Professor Timothy Frye's new book examines the limits of Putin's power in Russia.
Vladimir Putin has long been the bogeyman in the minds of Americans. Western media often portray him as an authoritarian ruler who has no qualms about making his critics and opponents disappear. But are there any limitations in its power? In his new book Weak Strongman: The Limits of Power in Putin's Russia Timothy Frye, Marshall D. Shulman Professor of Post-Soviet Foreign Policy at the Institute for Political Science, gives a more nuanced look at Putin and the political power struggles in Russia.
Colombia News met Frye to find out what made him want to write this book, how influential Alexei Navalny is (alive or dead), and which sports stars he would invite to an imaginary dinner party.
F: What inspired you to write this book now?
TO: I have been studying Russia for more than 30 years and I was tired of seeing how the country's rich politics are often reduced in our public debate to clichés about Putin's KGB background or Russia's autocratic past. With our democracy threatened and global autocracy on the rise, I saw an opportunity. I wrote an explanatory book on Russian politics, drawing on recent social science research by a new generation of Russian and American scholars who have received little attention outside of the academic world to help us understand the moment. For all its problems, Russia was a great place to study autocracy.
I have also recorded many personal anecdotes of my misfortunes in Russia, from working on a cultural exchange in the Soviet Union in the late 1980s to managing a research institute in Moscow over the past decade. From the accidental target of a honey trap in 1988 to the fall of Moscow's Twin Towers in 2001, these anecdotes offer insights difficult to come by without spending too much time in the country.
F: Many in the United States see Putin as an all-powerful leader, but your book argues that while he is an authoritarian ruler, his power is limited. How is that possible?
TO: Putin does not face serious challengers, but he is not all powerful. In order to consolidate his power, he has weakened the courts, parliament and the bureaucracy, but those in power also need these institutions in order to govern well. He rules a well-educated population with a corrupt and recalcitrant bureaucracy in a country with 11 time zones and relies on a mixture of achievement, popularity, propaganda and repression to stay in power. Just ordering people around doesn't get him very far.

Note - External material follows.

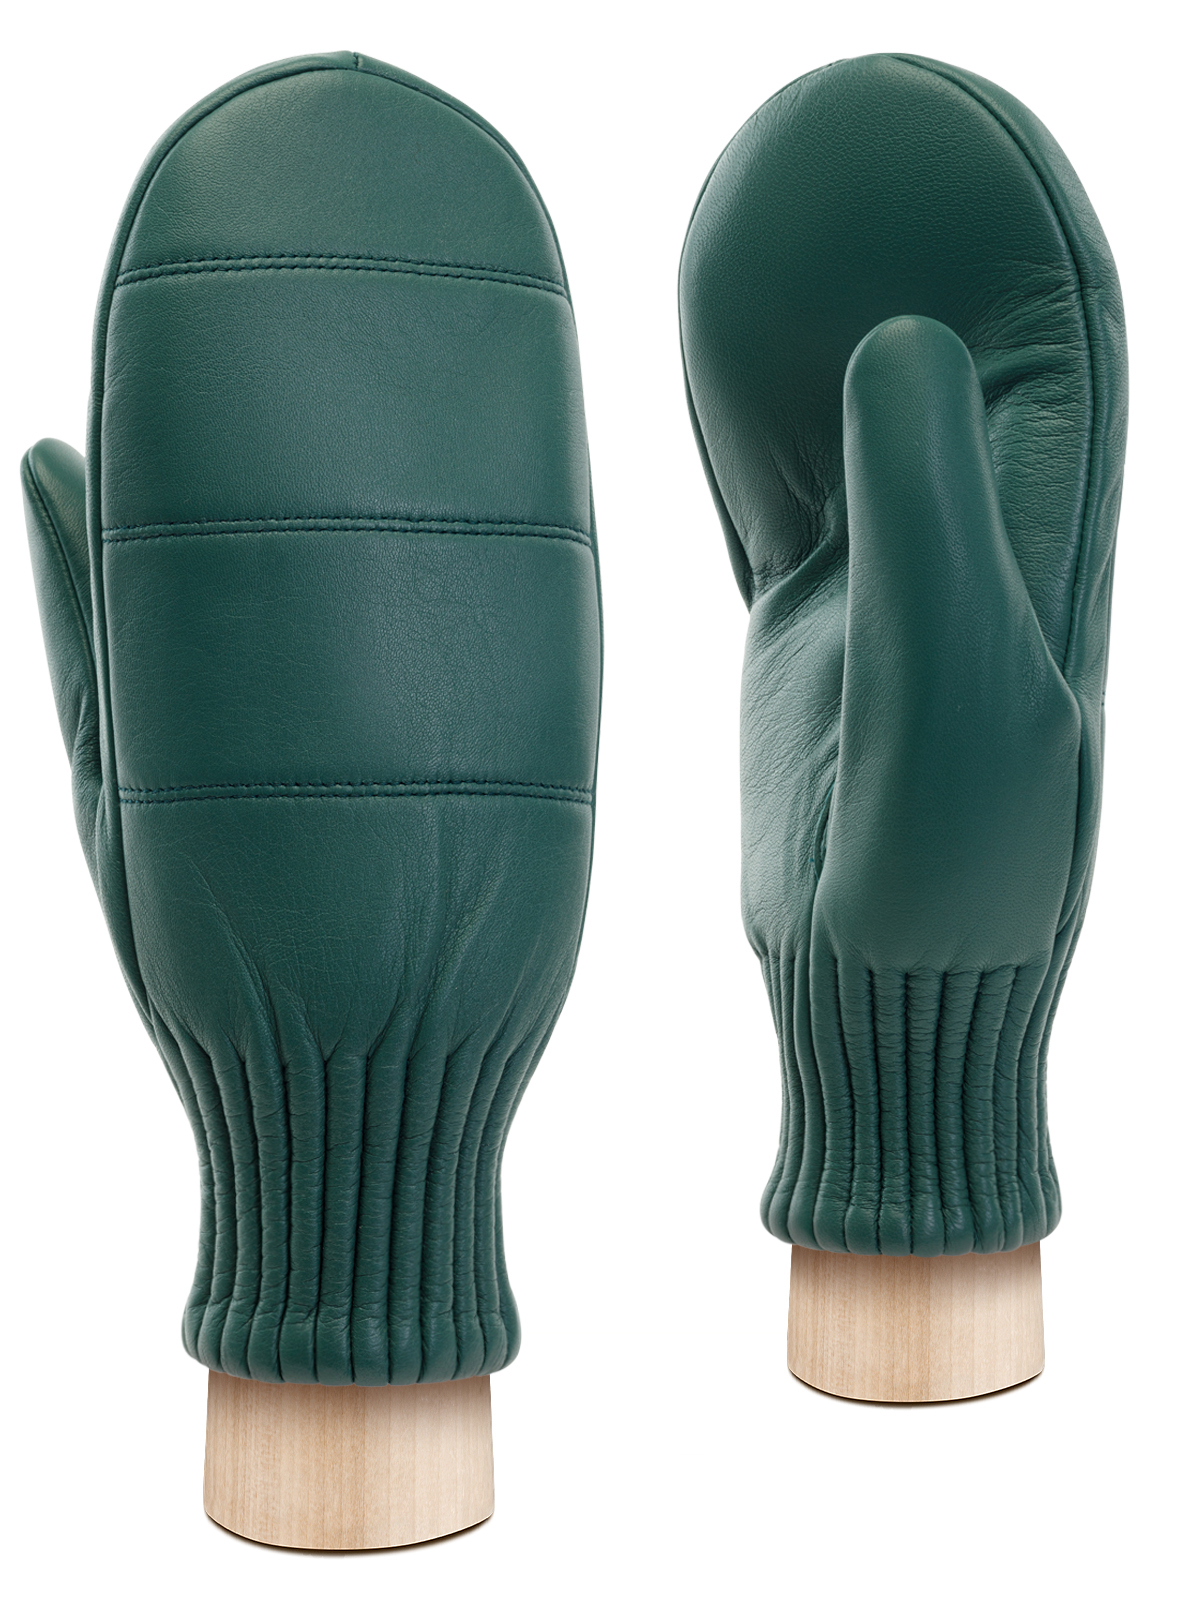 Перчатки женские Eleganzza IS8530 серо-зеленые р. 6,5

Like all autocrats, he faces the dual threats of an elite coup and a mass revolt, and these two threats can rarely be addressed at the same time. As a result, he faces tough compromises. Manipulate the media, but not so much that people distrust the source. Cheat too little in elections and lose offices, but cheat too much and lose legitimacy. Suppress political opponents, but don't provoke backlash. Use corruption to reward your pals, but avoid economic stagnation that would make you unpopular. Strengthen security services, but not so much that they turn you on. Far from being omnipotent, Putin faces many limitations that all autocrats face.
F: The Biden administration seems to handle our relationship with Putin and Russia differently than the previous one. How does Putin react to these renewed tensions with the US?
TO: Russia's relations with the US are at a low point. At home, Putin is trying to use anti-Westism to shift the blame for Russia's troubles, and that has pleased some hardliners in the elite, but the Russian public is skeptical of this narrative. Putin and Biden are expected to meet in June, but by that point it would be a success just to prevent the relationship from deteriorating.
F: Do you think opposition leader Alexei Navalny (alive or dead) poses a threat to Putin's rule?
Navalny has been a uniquely successful opposition figure in Russia for the past decade, and that has made him a target. Removing Navalny from the political scene, however, will not solve the problems that created Navalny in the first place. It will not raise the standard of living, reduce corruption, or increase confidence in the government and is likely to exacerbate problems.
F: Hopefully after you've finished writing your book, you will have some time to enjoy yourself. Which books are on your reading list and why?
TO: Novels and short stories got me through the pandemic. I immersed myself again in classics like Vasily Grossman's Life and destiny , Sergei Dowlatows The suitcase , and John Williams ‘ Steiner. I also read short stories with my 13 year old son Chekhov. Chekhov is my favorite. I just finished Min Jin Lee's Pachinko about the life of Korean immigrants in Japan in the 1920stheCentury. It has the historical momentum of a Tolstoy novel, but is set in a setting that is new to me. Now I'm reading Keith Gessens A terrible country .
F: You're having a little dinner party. Assuming everyone is fully vaccinated, which three scholars, celebrities, despots or artists, dead or alive, would you invite and why?
TO: I am a huge sports fan and enjoy listening to athletes talk about the secrets of their craft or the interface between sport and politics. I would invite George Popovich, the politically thoughtful basketball coach of the San Antonio Spurs, a wine connoisseur and, by the way, a former Soviet college student. Next up would be Naomi Osaka, who embodies a new breed of global sports icon and has a killer instinct on the courts. And finally. I would invite my father, who was a great athlete at Princeton in the 1950s and would love to talk to us.